Così compreso, il «facciamo l’uomo» di Gn 1,26 contiene l’imprinting relazionale dell’umanesimo biblico, nel cui solco l’orante del salmo 8 tenterà di sapere chi sia l’essere umano domandandolo a Dio stesso, ancora una volta nell’orizzonte di una costitutiva interlocuzione («Chi è l’uomo, perché tu te ne ricordi? Il figlio dell’uomo, perché tu te ne prenda cura?»): l’essere umano è tale in quanto suscitato all’interno di una relazione, in quanto chiamato alla relazione.
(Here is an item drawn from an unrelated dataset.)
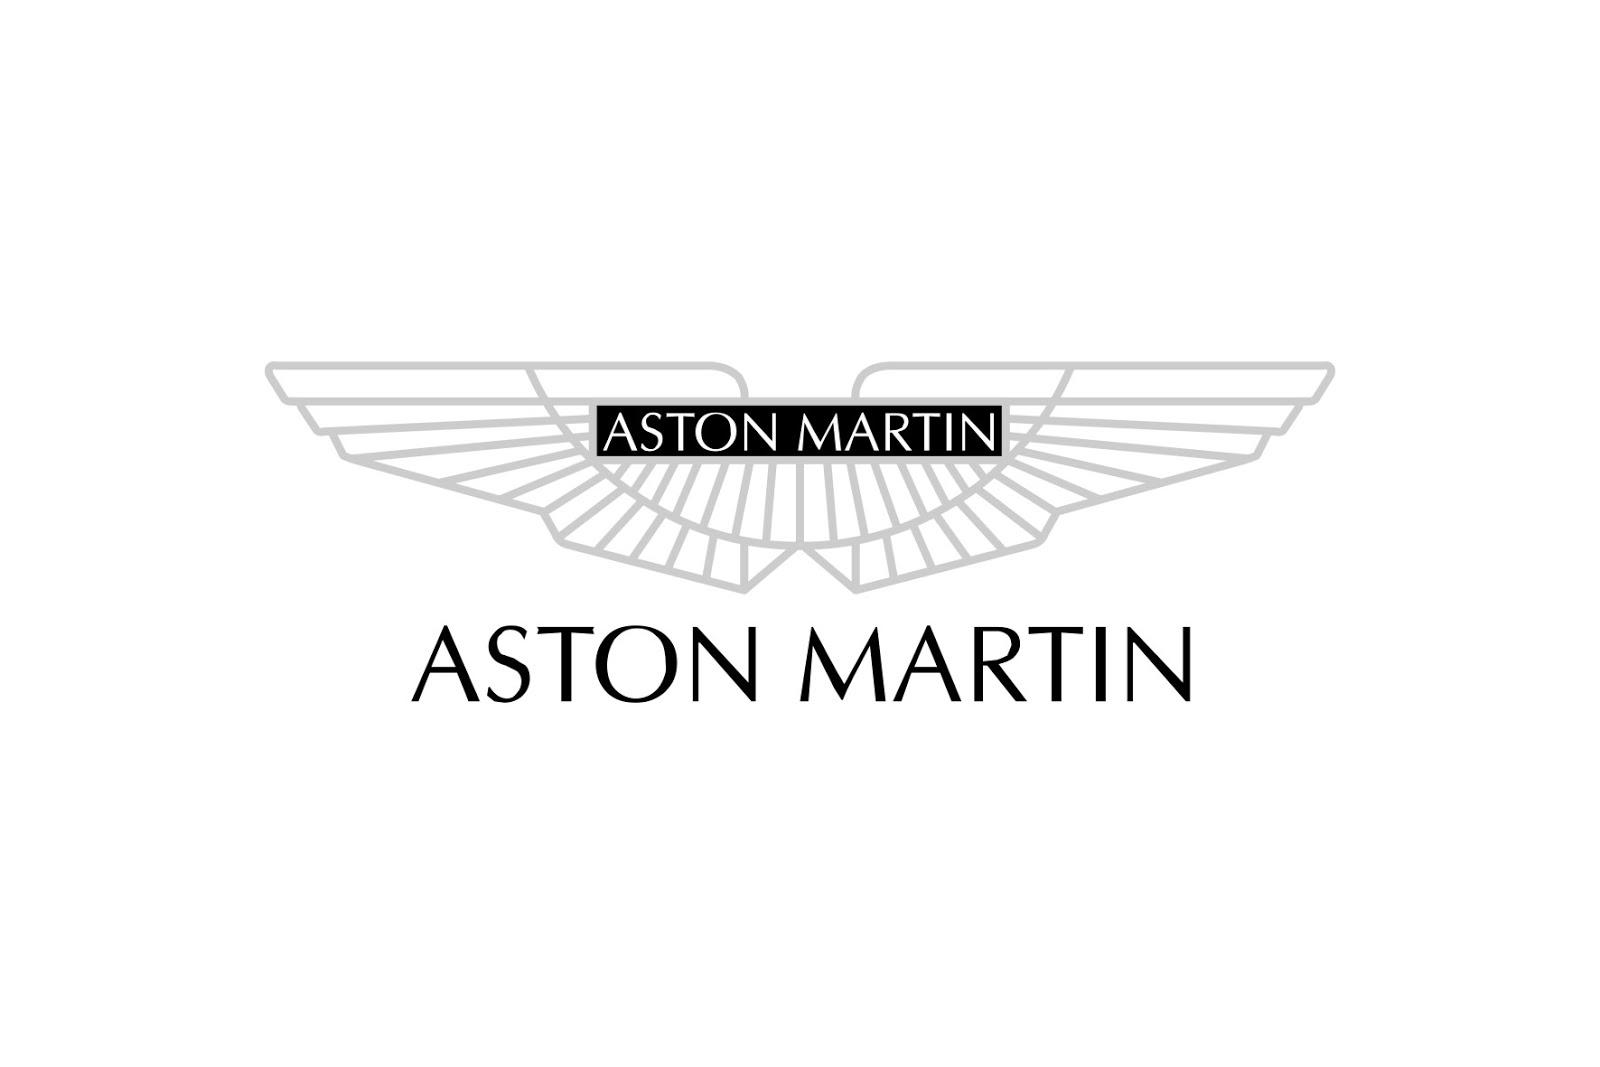 aston martin logo. Black Bedroom Furniture Sets. Home Design Ideas

Fin dall’inizio egli è come contagiato dall’attitudine dialogica di Dio stesso, Colui che è l’Unico sì, ma senza mai essere autoreferenziale e senza mai restare solitario.

Questo imprinting relazionale – che significa smarcarsi dall’autoreferenzialità, accettarsi dalle mani altrui per poter essere responsabilmente se stesso, essere rivolto a qualcuno – disegna sin dal principio il volto umano dotandolo di caratteri tipicamente personali, conferendogli cioè la capacità di esprimere la propria identità rievocando l’altro: per dire, insomma, che l’essere umano in tanto è se stesso in quanto è dall’altro, per l’altro, con l’altro, ancora una volta – come papa Francesco suggerisce nella Laudato si’ n. 66 – riconoscendo il valore dell’alterità in ogni senso, in ogni direzione possibile: verso il prossimo e verso il mondo, oltre che verso Dio.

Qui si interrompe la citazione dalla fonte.